(Supplied information)
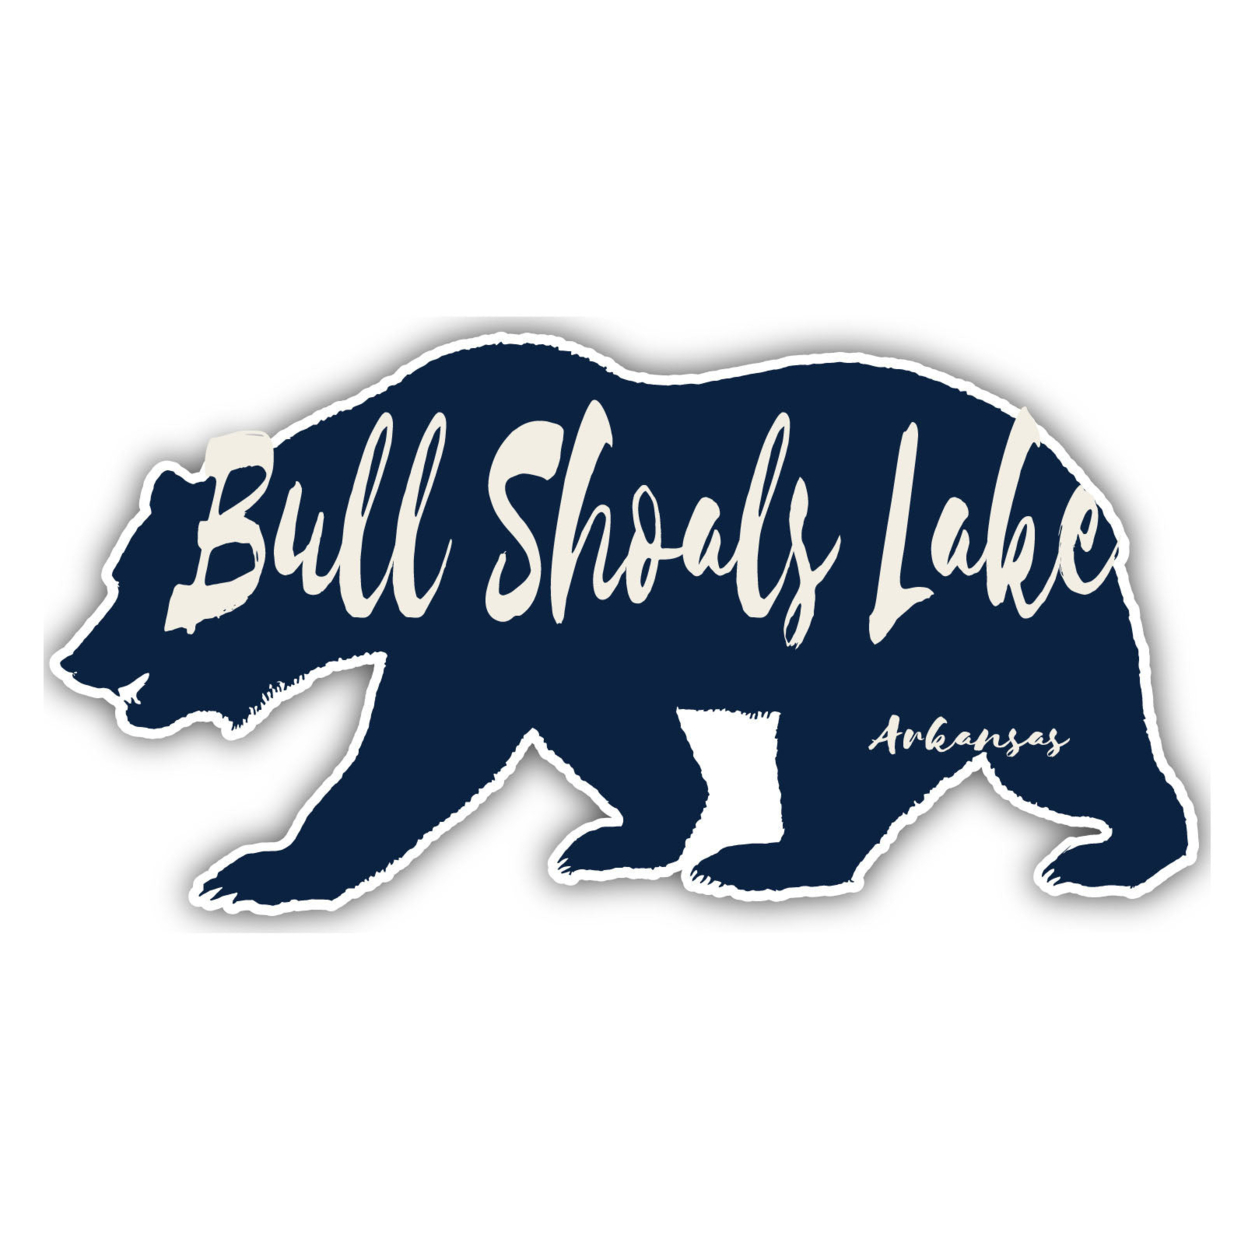 Bull Shoals Lake Arkansas Souvenir Decorative Stickers (Choose Theme And Size) - 4-Pack, 2-Inch, Bear
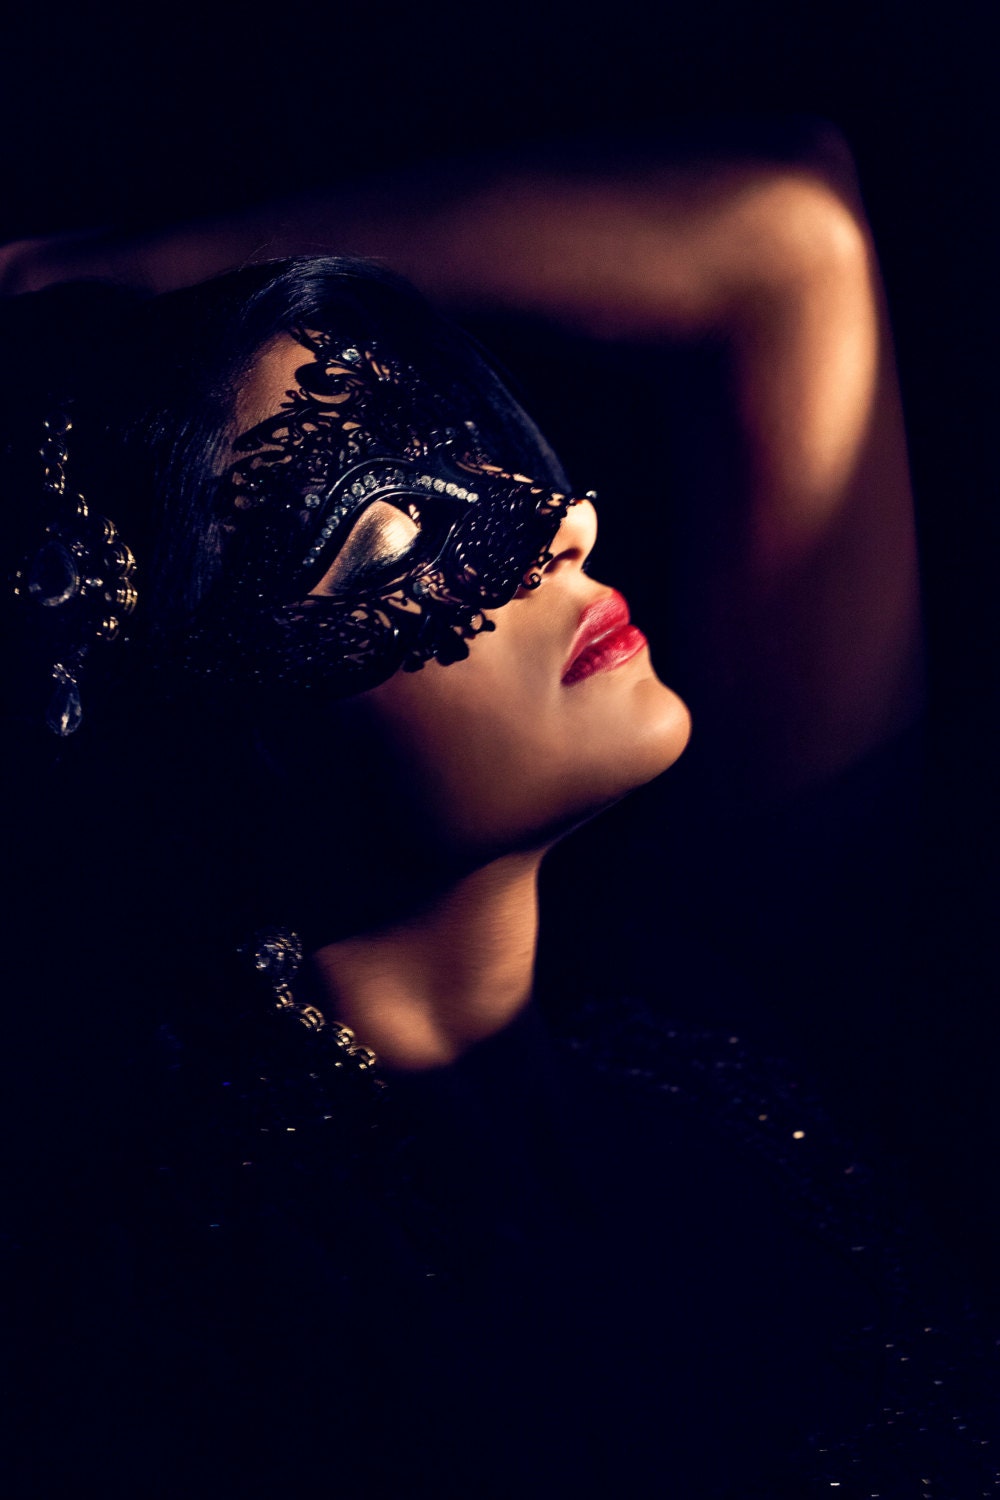 Lady Of Luck Masquerade Masks, Venetian Masks, Metal Masquerade Mask  Women's Laser Cut Party Mask (black Masquerade Mask For Women)
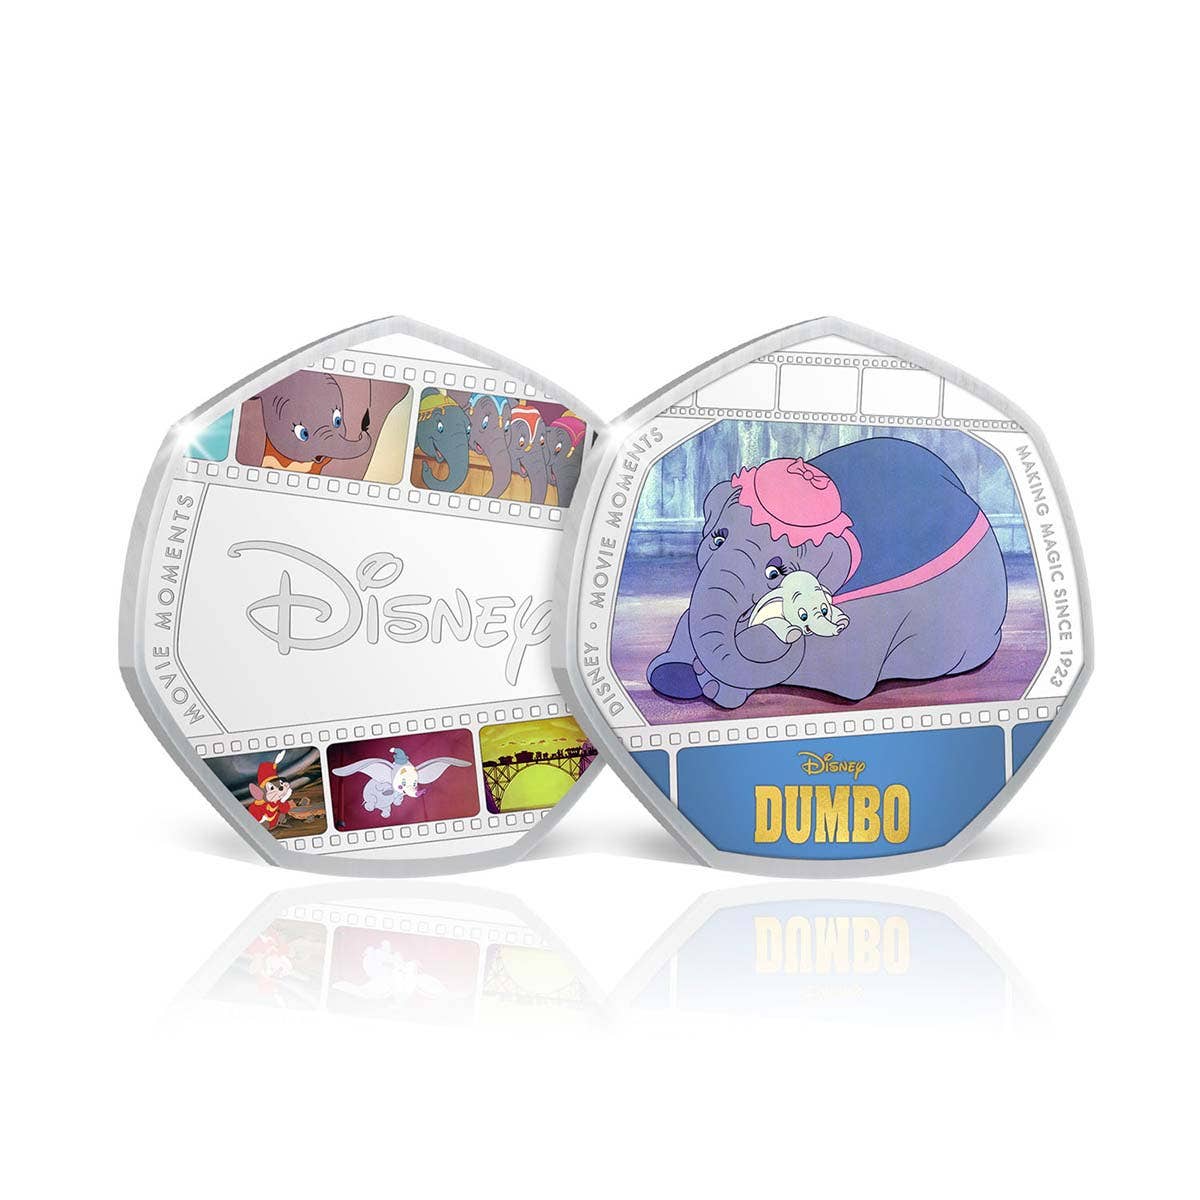 The Disney Movie Moments Complete Set - Dumbo
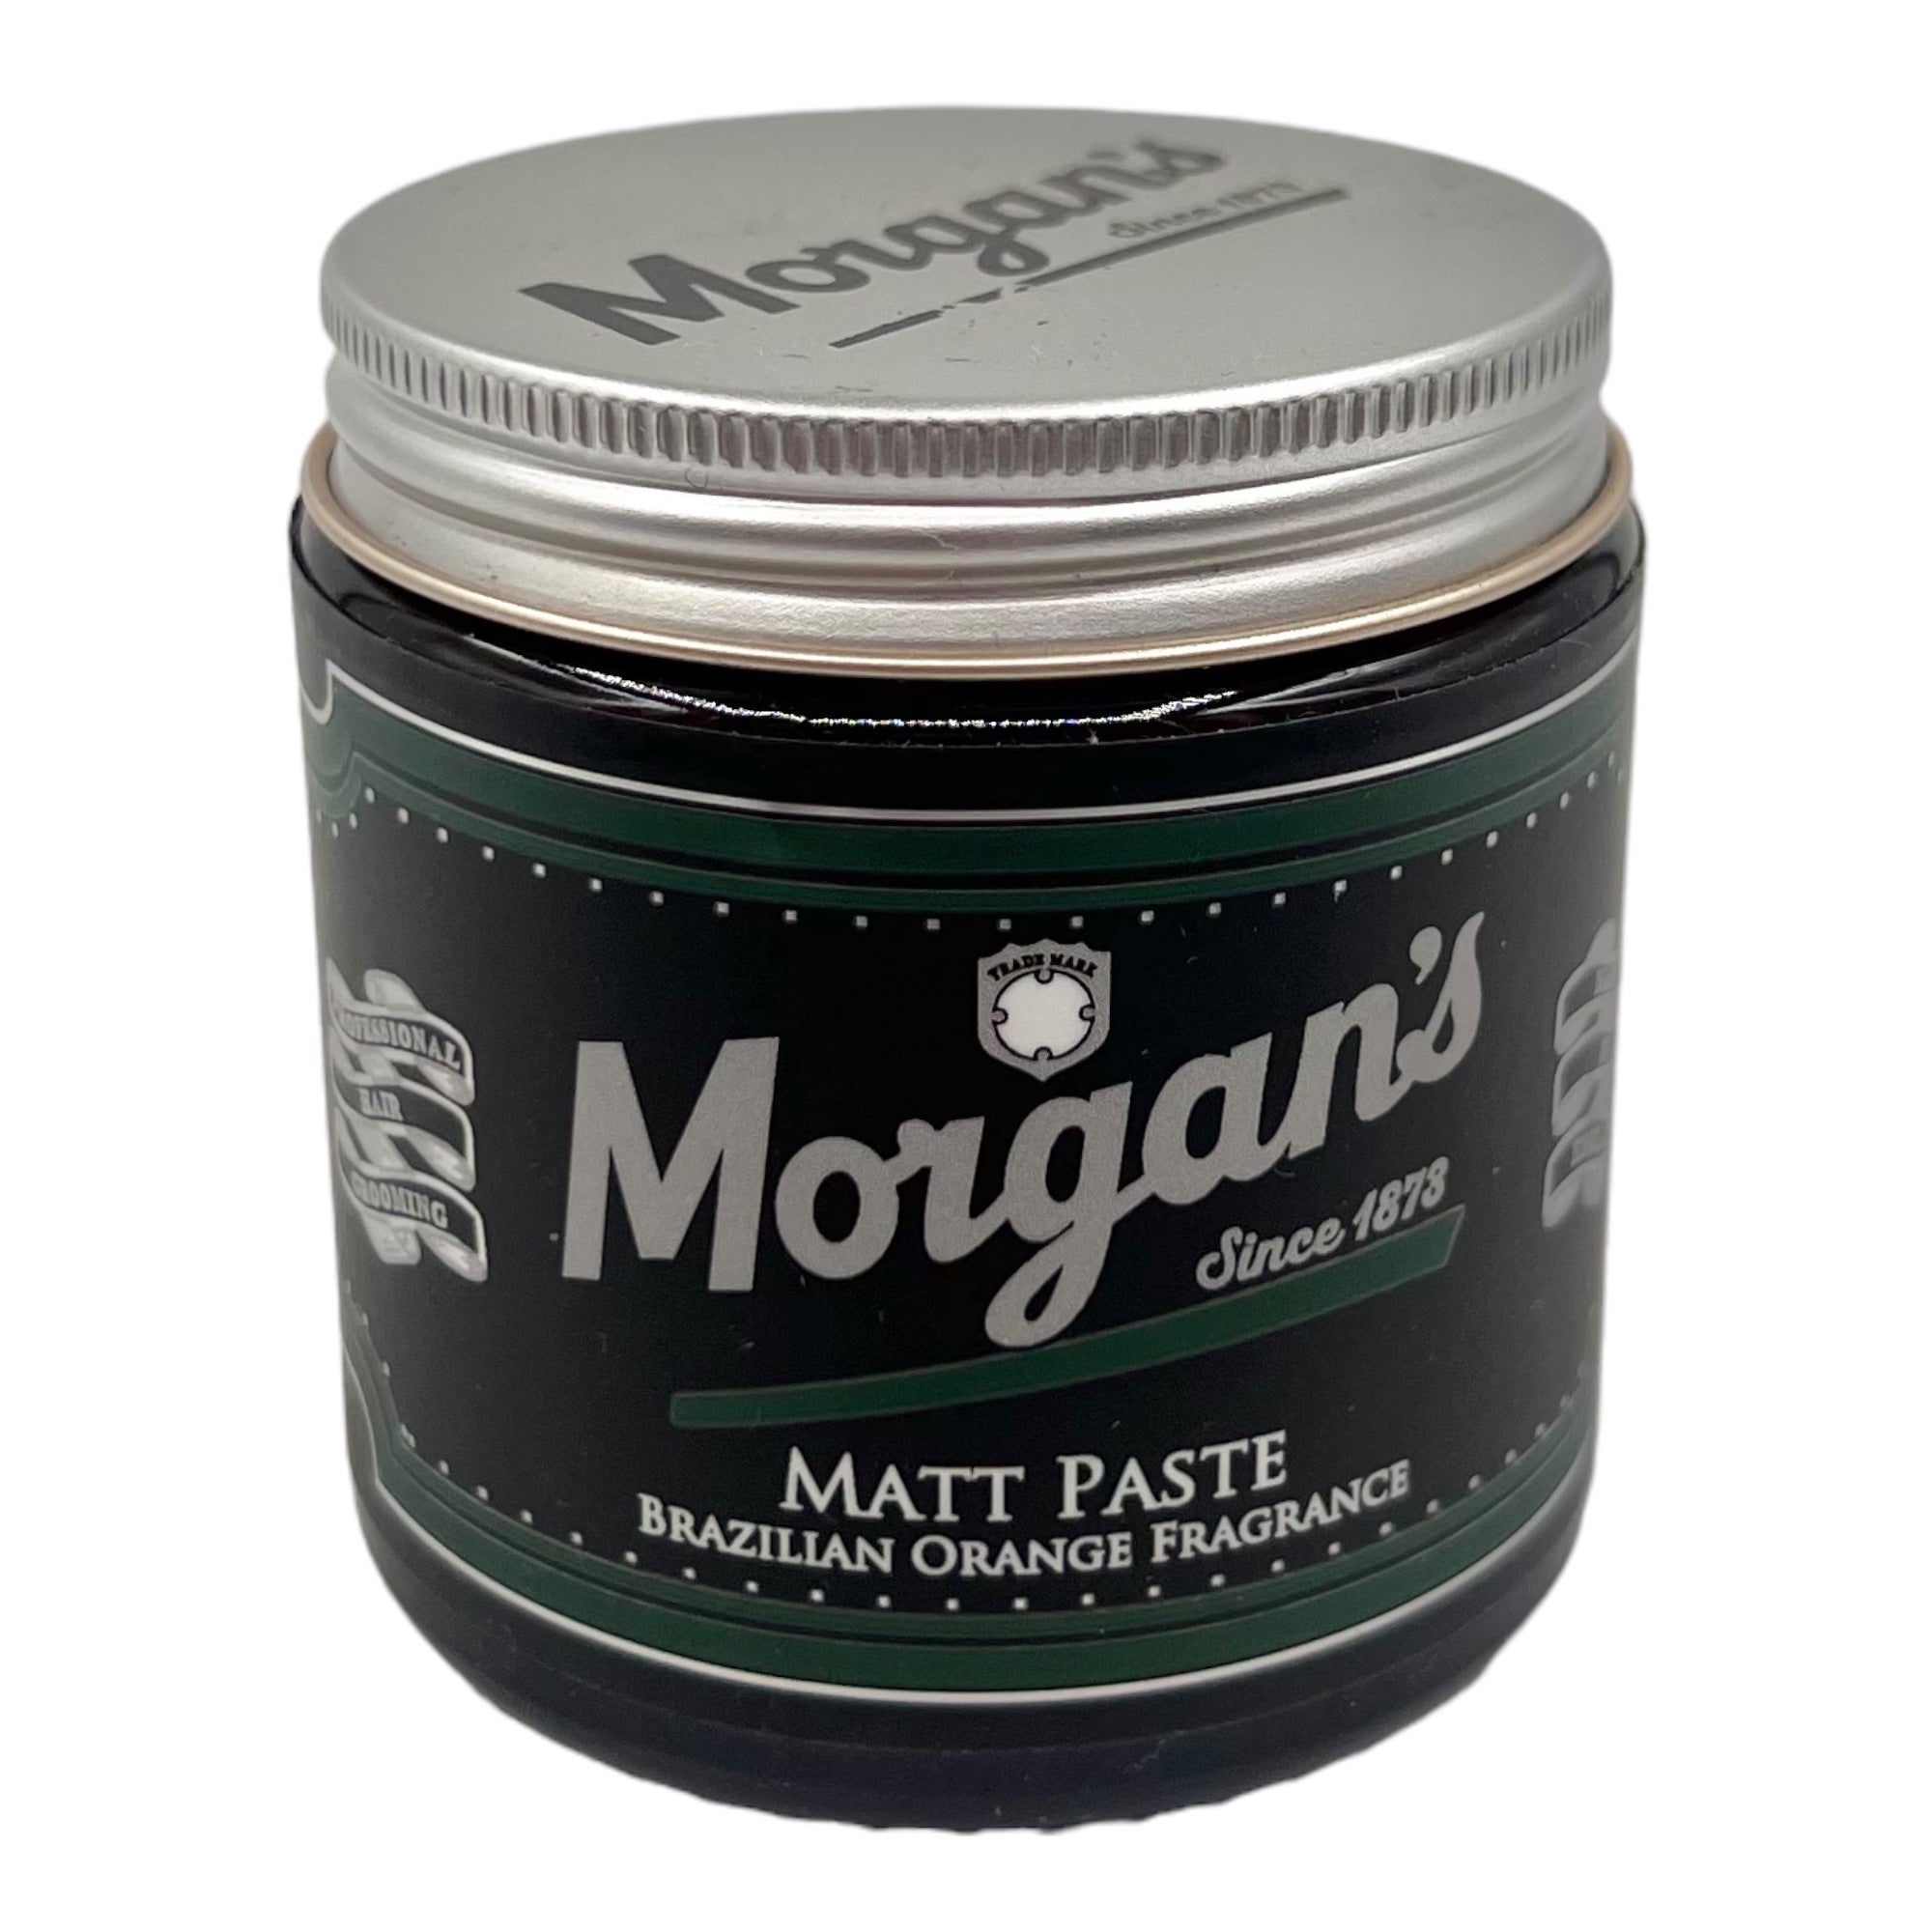 Morgan's - Matt Paste Brazilian Orange Fragrance 120ml
(End Supplied information)
▸ **Task objective**: Would you output the data exactly, without any of its images?

▸ **Answer section**:
 Bull Shoals Lake Arkansas Souvenir Decorative Stickers (Choose Theme And Size) - 4-Pack, 2-Inch, Bear
 Lady Of Luck Masquerade Masks, Venetian Masks, Metal Masquerade Mask  Women's Laser Cut Party Mask (black Masquerade Mask For Women)
 The Disney Movie Moments Complete Set - Dumbo
 Morgan's - Matt Paste Brazilian Orange Fragrance 120ml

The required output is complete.